> [What is required] Please restate each line of the data that follows word for word, skipping any image.

> [Data segment]
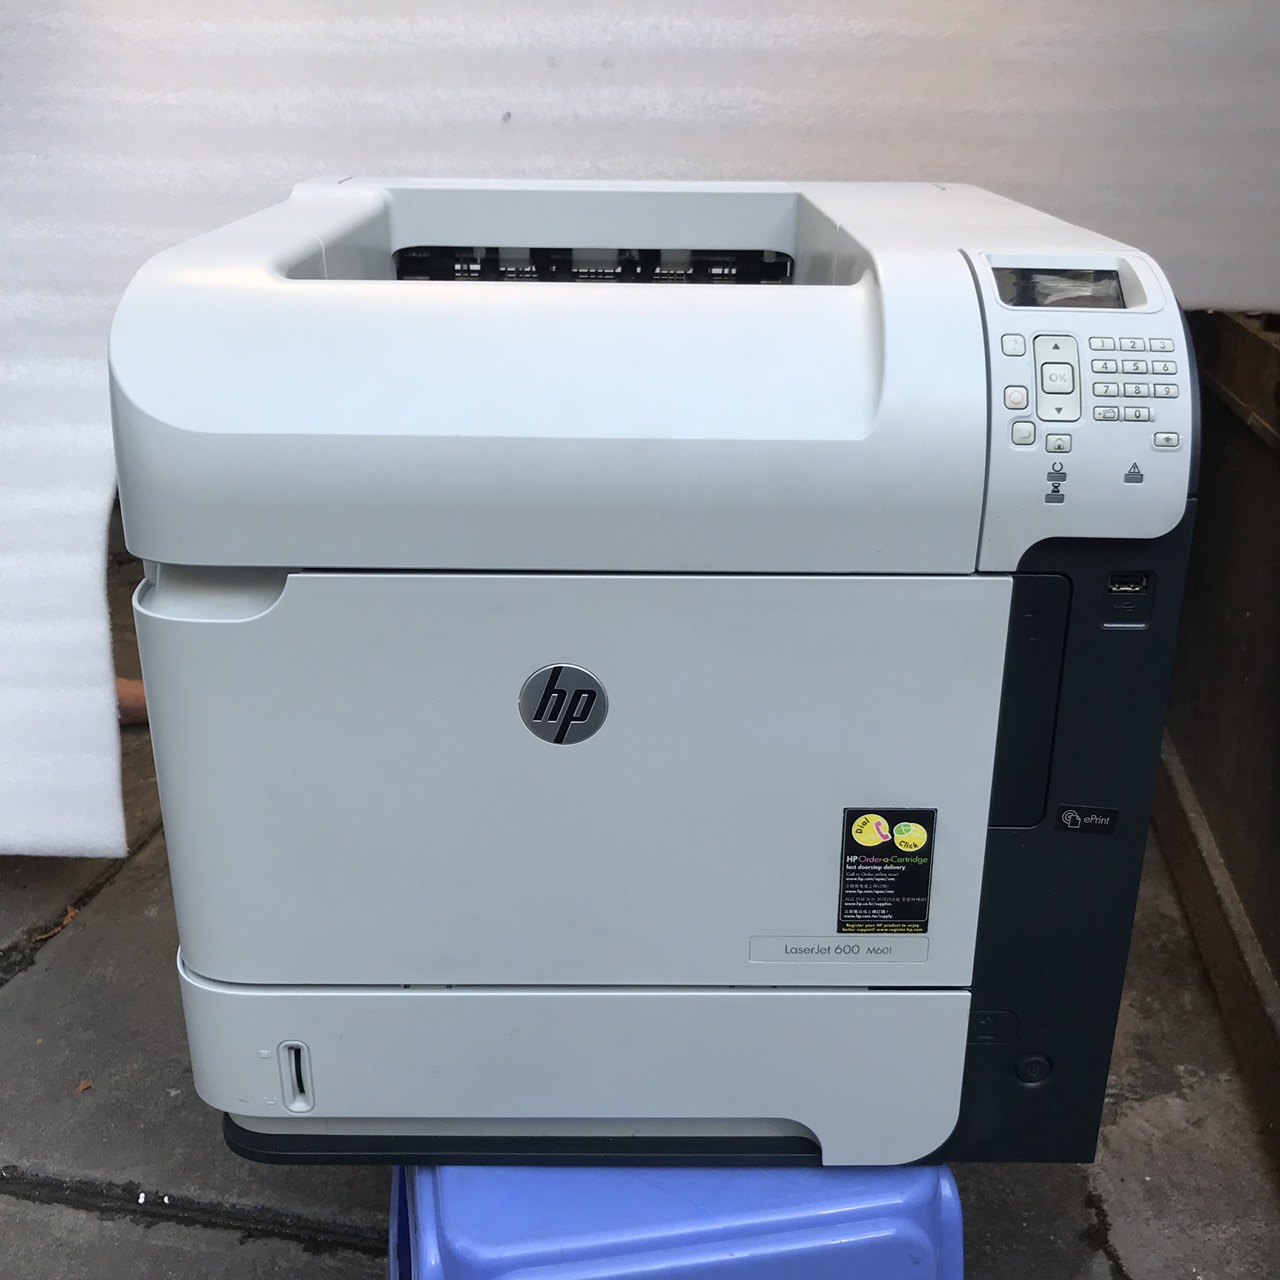 Máy in cũ HP LaserJet Enterprise 600 Printer M602n (CE991A)
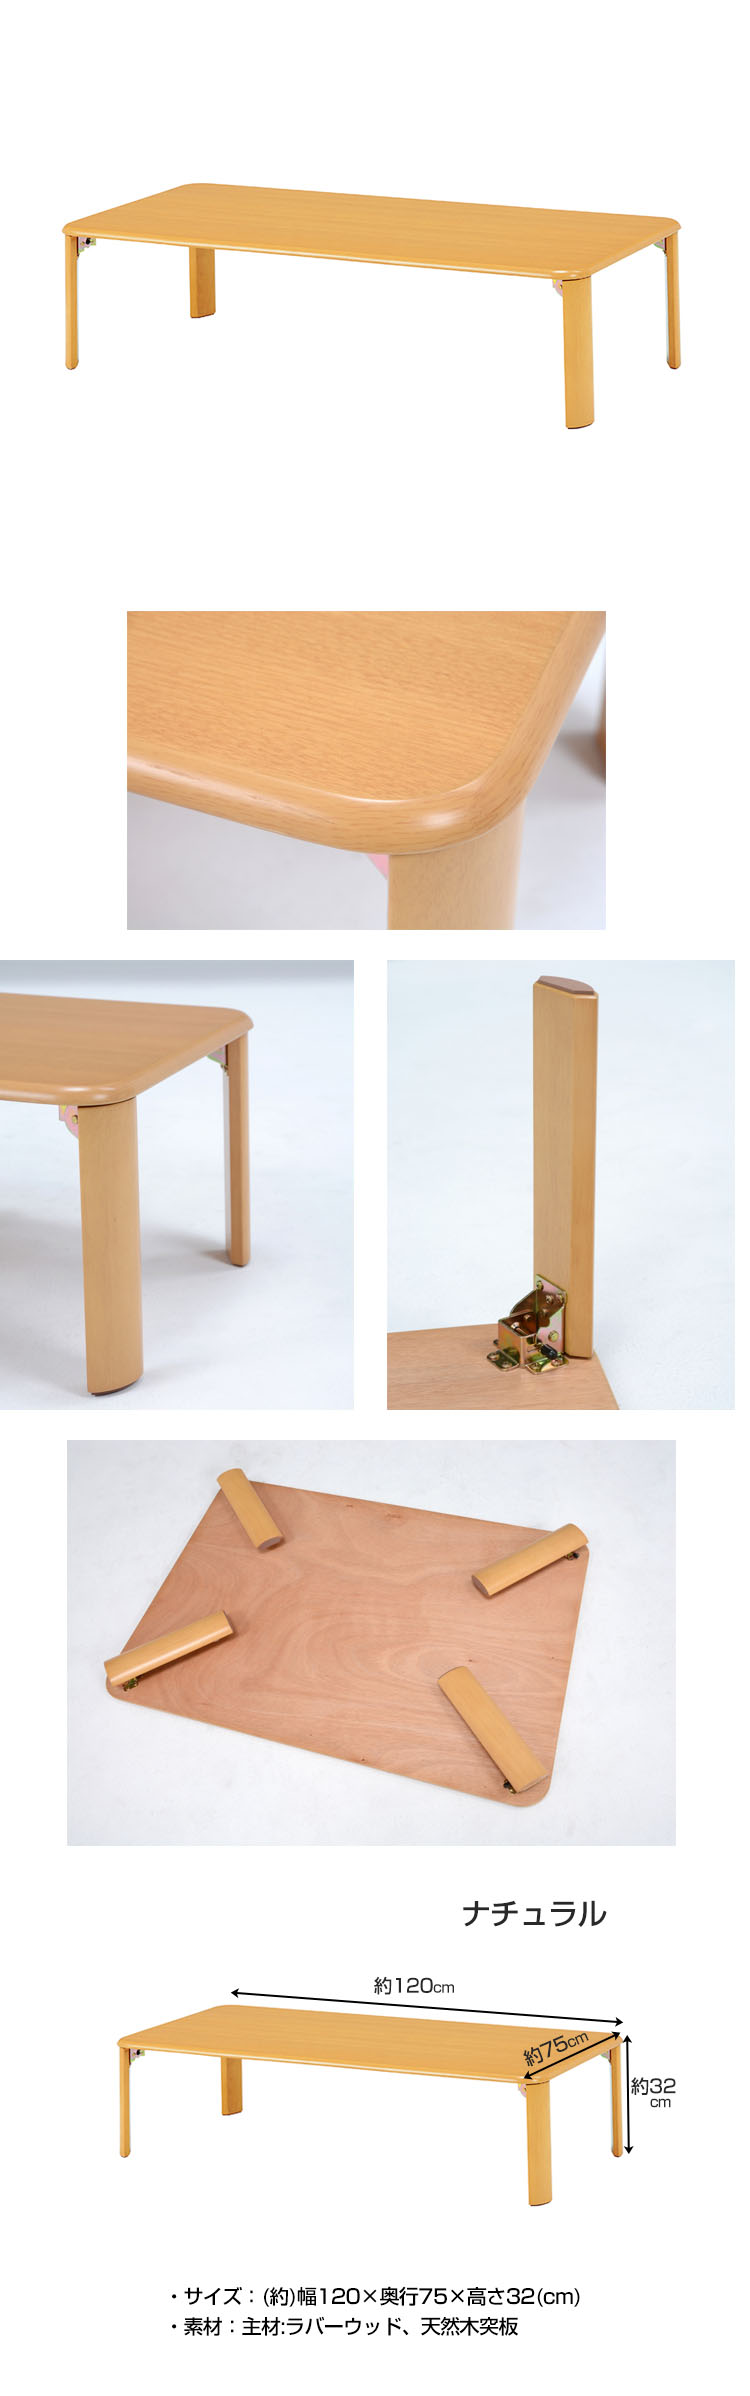 NEW人気折れ脚 リビングテーブル 120cm×75cm 脚 折りたたみ ローテーブル ちゃぶ台 木製 おしゃれ テーブル 座卓、ちゃぶ台
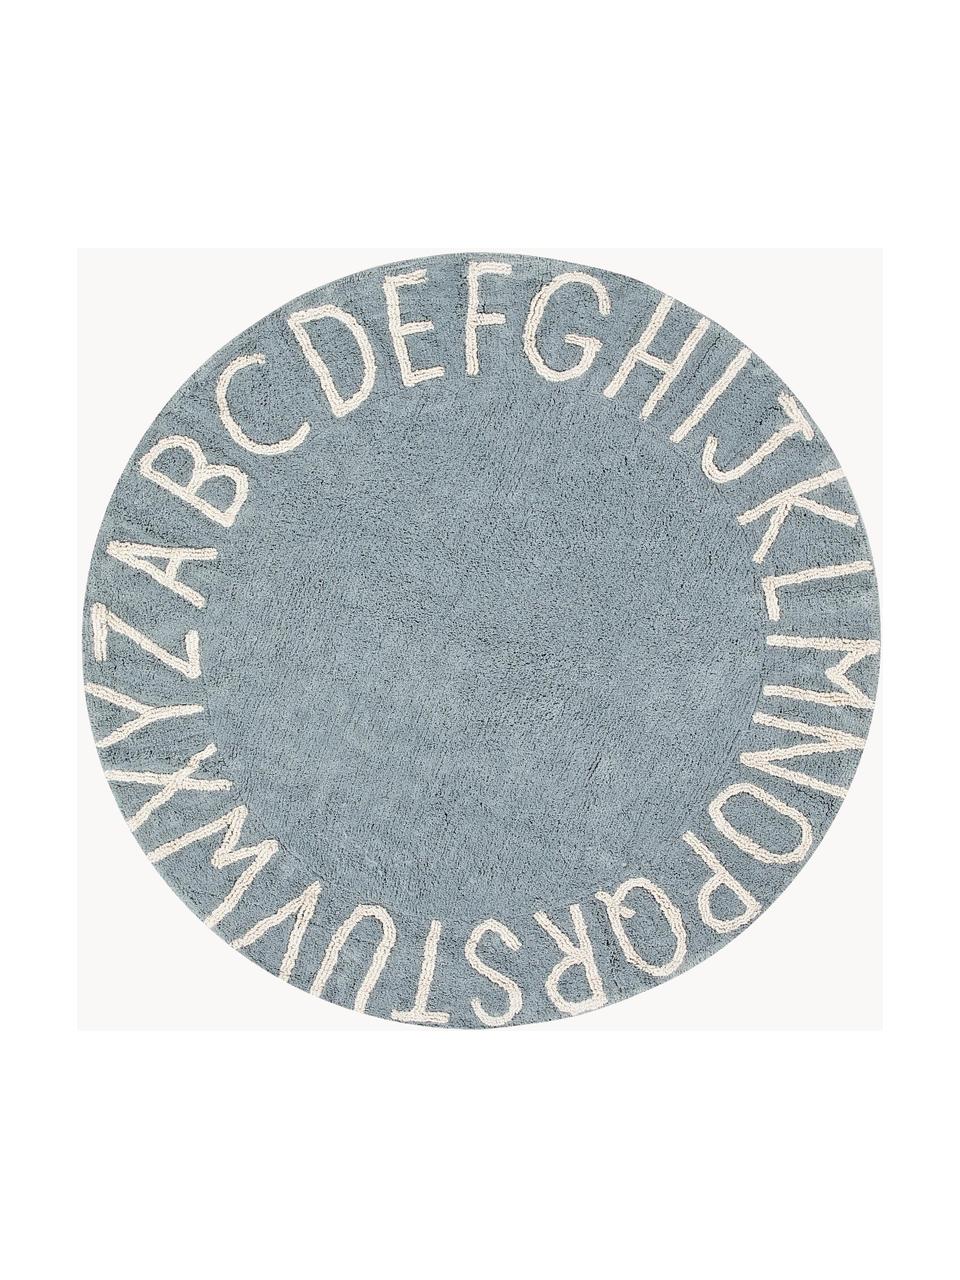 Runder Kinderteppich ABC mit Buchstaben Design, Recycelte Baumwolle (80% Baumwolle, 20% andere Fasern), Graublau, Ø 150 cm (Größe M)
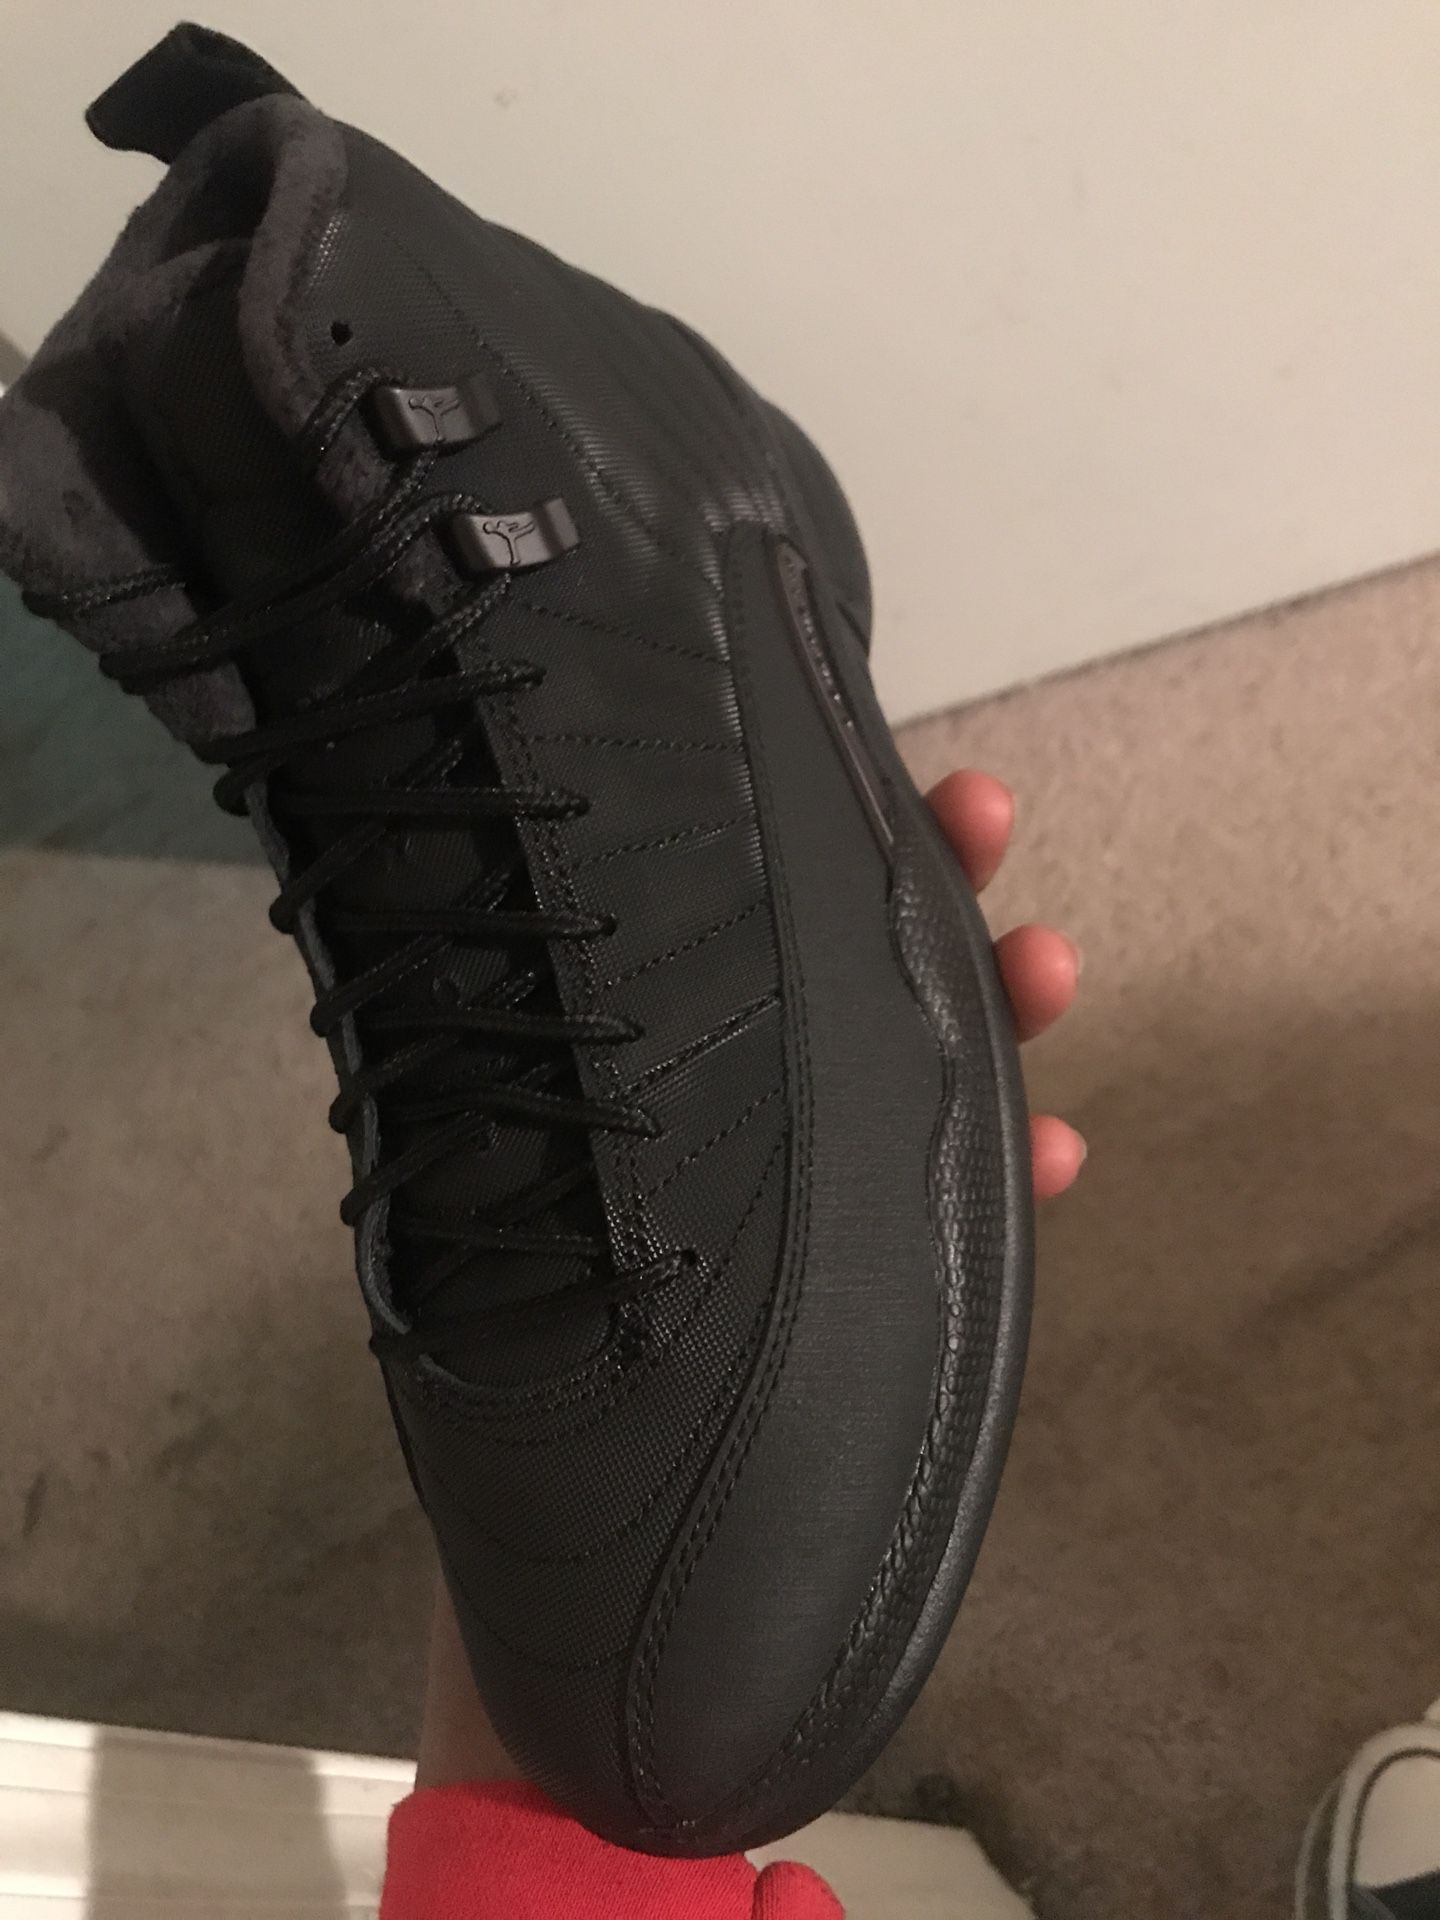 All black Jordan’s size 8 brand new going for 400$

> [Finished task]
 Máy in cũ HP LaserJet Enterprise 600 Printer M602n (CE991A)
 NEW人気折れ脚 リビングテーブル 120cm×75cm 脚 折りたたみ ローテーブル ちゃぶ台 木製 おしゃれ テーブル 座卓、ちゃぶ台
 Runder Kinderteppich ABC mit Buchstaben Design, Recycelte Baumwolle (80% Baumwolle, 20% andere Fasern), Graublau, Ø 150 cm (Größe M)
 All black Jordan’s size 8 brand new going for 400$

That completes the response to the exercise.